The Tunnels of the Pyramid of Cholula
The Tunnels of the Pyramid of Cholula
by Carmen Caelen
One of the biggest misunderstandings when it comes to visiting the Pyramid of Cholula has to do with its infamous tunnels. Tourists are always shocked when I tell them that the tunnels were made by archaeologists and are not ancient at all. People always want to believe that there is something mysterious hidden inside the pyramids but, in Mexico, that is very rarely the case. Mesoamerican pyramids were not built as tombs; they do not have chambers or anything on the inside in the vast majority of cases. Mesoamerican pyramids are temples, elevated platforms on which all kinds of religious events took place. This is exactly what we see in Cholula. The following information aims to clarify the function of the tunnels of the Pyramid of Cholula as well as provide the reader with a better understanding of what archaeologists were able to learn from them.
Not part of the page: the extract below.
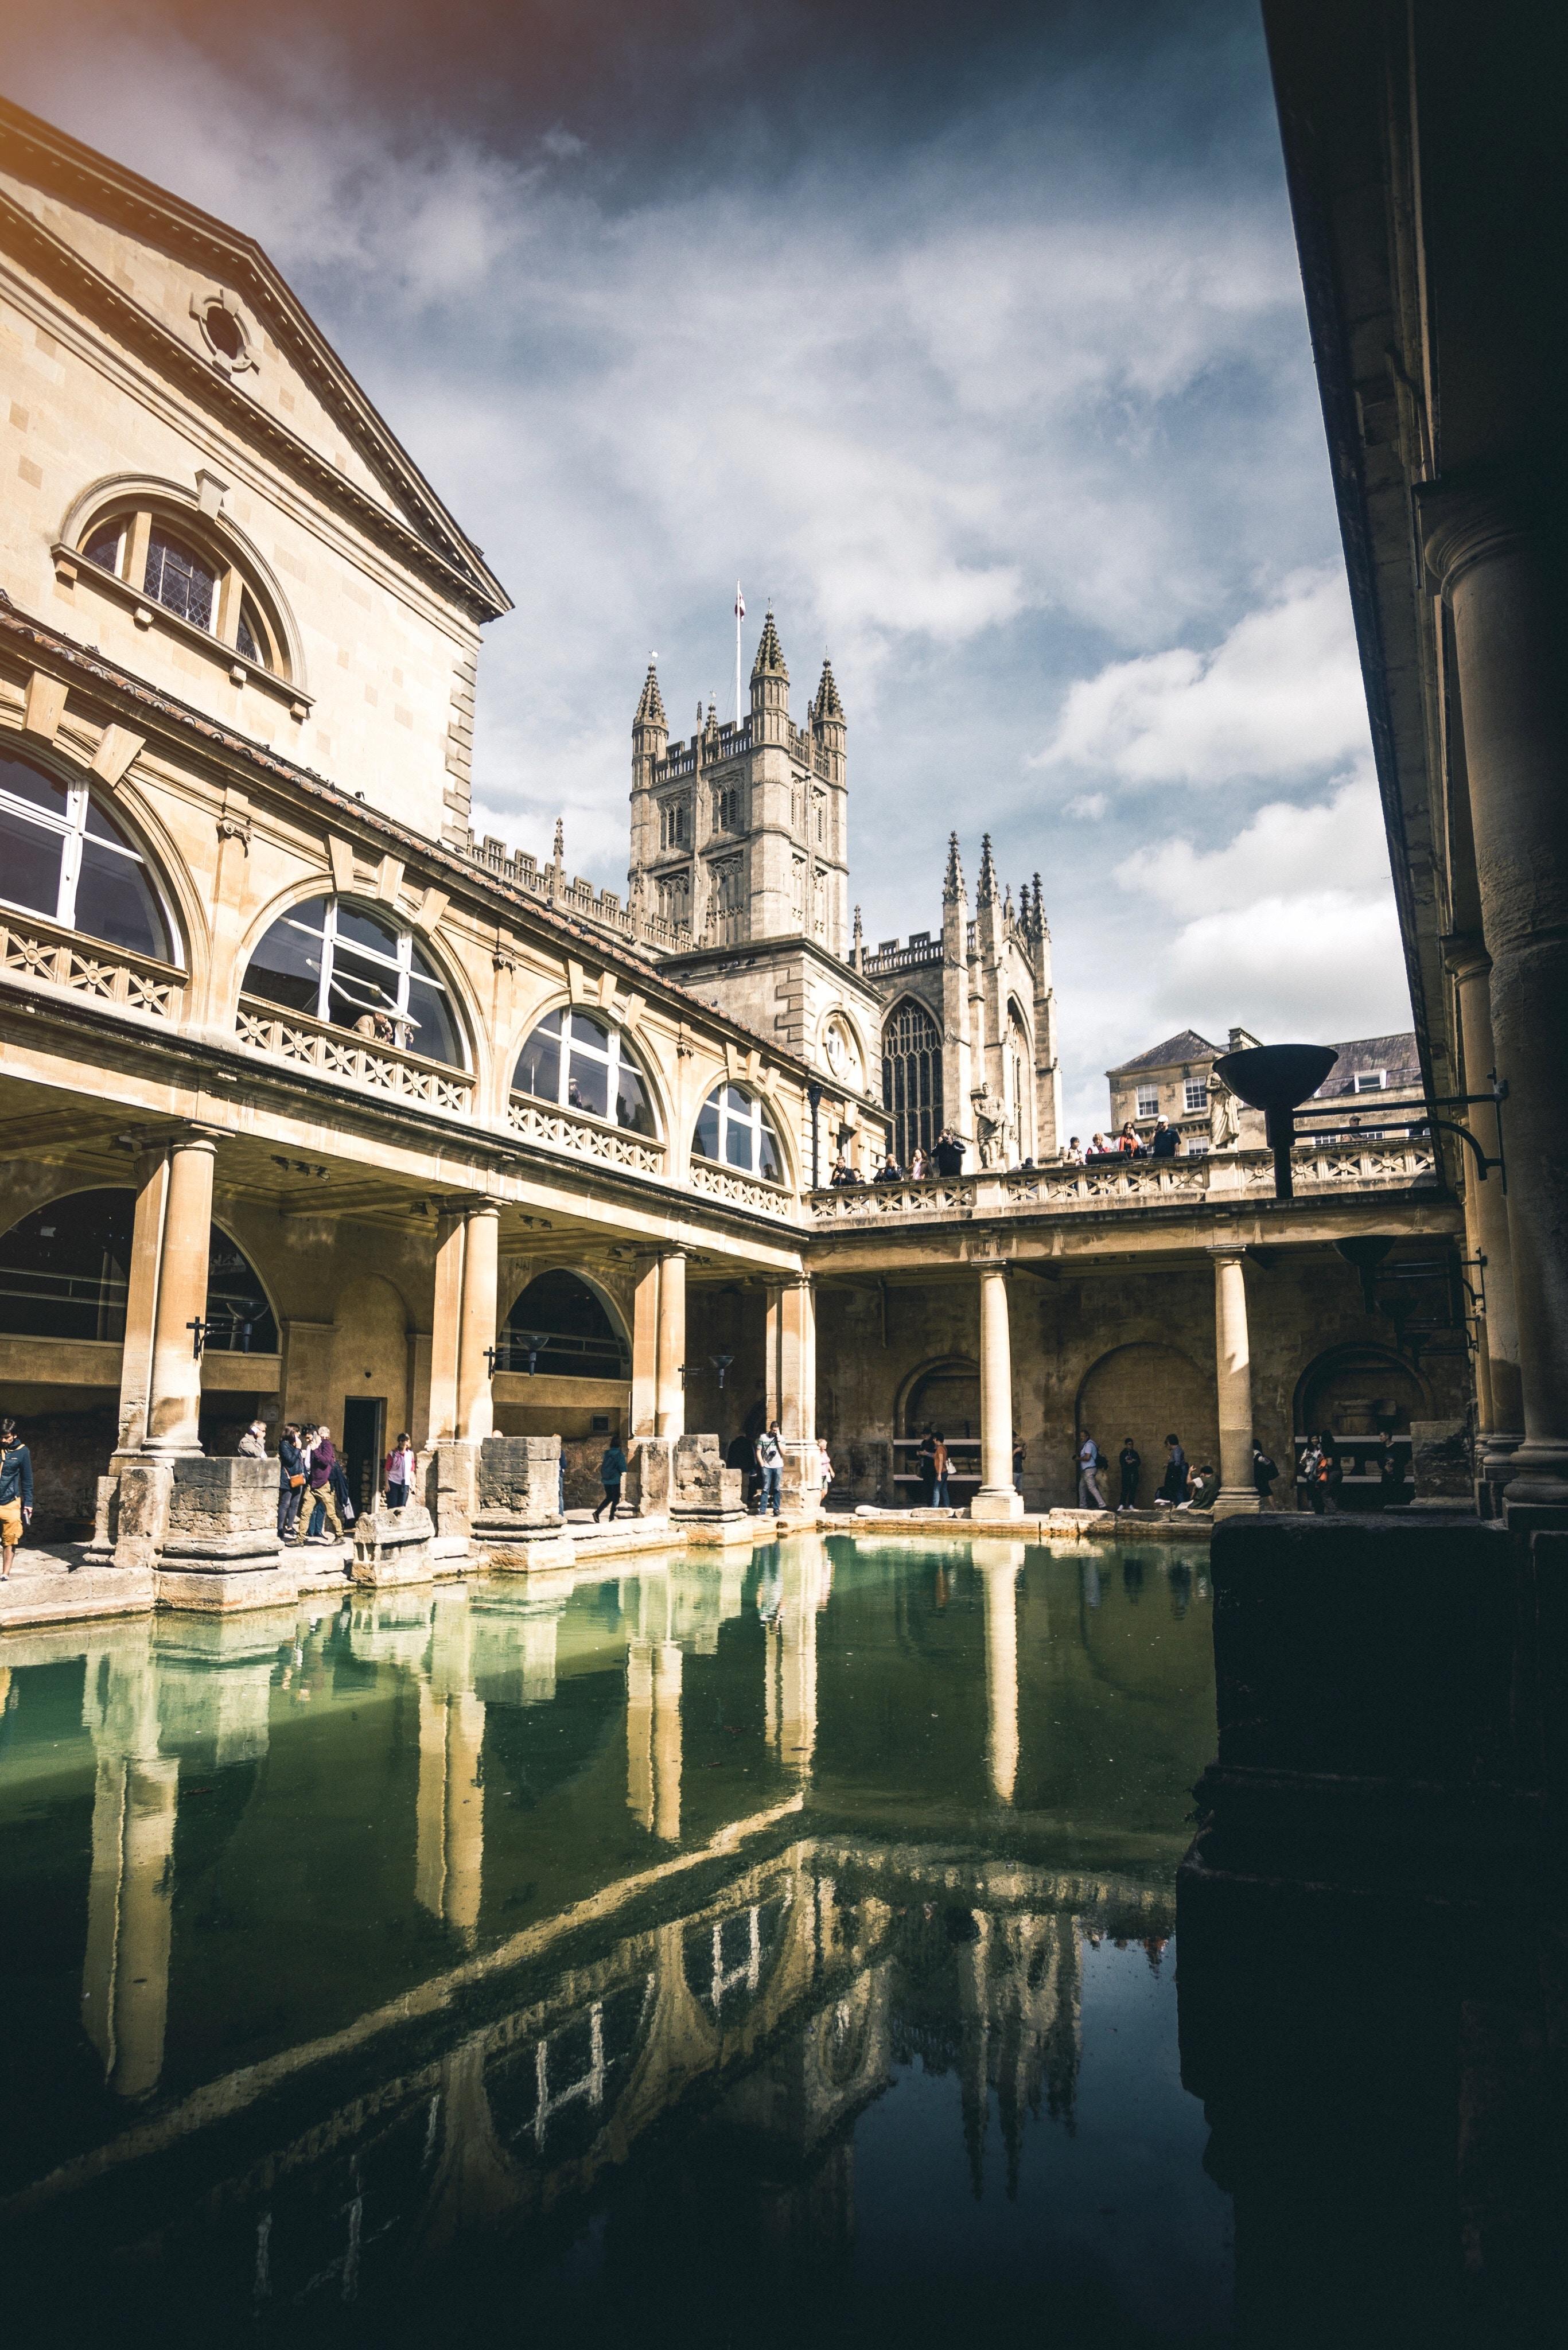 Bath_England_2.jpg?1548643486

The archaeological explorations in Cholula began in the 1930s; however, the findings were seemingly insufficient to grant the Sacred City with the largest pyramid in the world an important place among the greatest sites in Mesoamerica. The first excavations started in 1931 under the supervision of Ignacio Marquina. The work done at this moment aimed to identify the different construction phases of the pyramid and establish a chronology based on ceramic styles. During this season two main tunnels were dug that crossed through the base of the Great Pyramid in a north-south axis and an east-west one. In subsequent excavations more tunnels were dug in different directions, allowing the archaeologists to uncover a series of structures built underneath the pyramid’s last construction phase. In total, 8 kilometers of tunnels were dug.
During the 1960s the Proyecto Cholula or Cholula Project was launched with the intention of carrying out a detailed study of the site and its surrounding areas from an archaeological, ethnohistorical, and anthropological perspective. Miguel Messmacher and Eduardo Matos carried out a second field season in 1966 under and several more structures were uncovered. A third season, once again led by Ignacio Marquina, finished exposing the remaining structures that are now visible at the exterior part of the site in 1967. Sadly, little work has been done in Cholula since.
The Great Pyramid
The archaeological data places the beginning of the construction of Cholula’s ceremonial center around 500 BCE, lasting all the way to around 1,200 AD when it was abandoned and the city’s capital was moved slightly. It reached the status of one of the great cities in Mesoamerica during the Classic Period. The Great Pyramid is the most representative feature of the ceremonial complex.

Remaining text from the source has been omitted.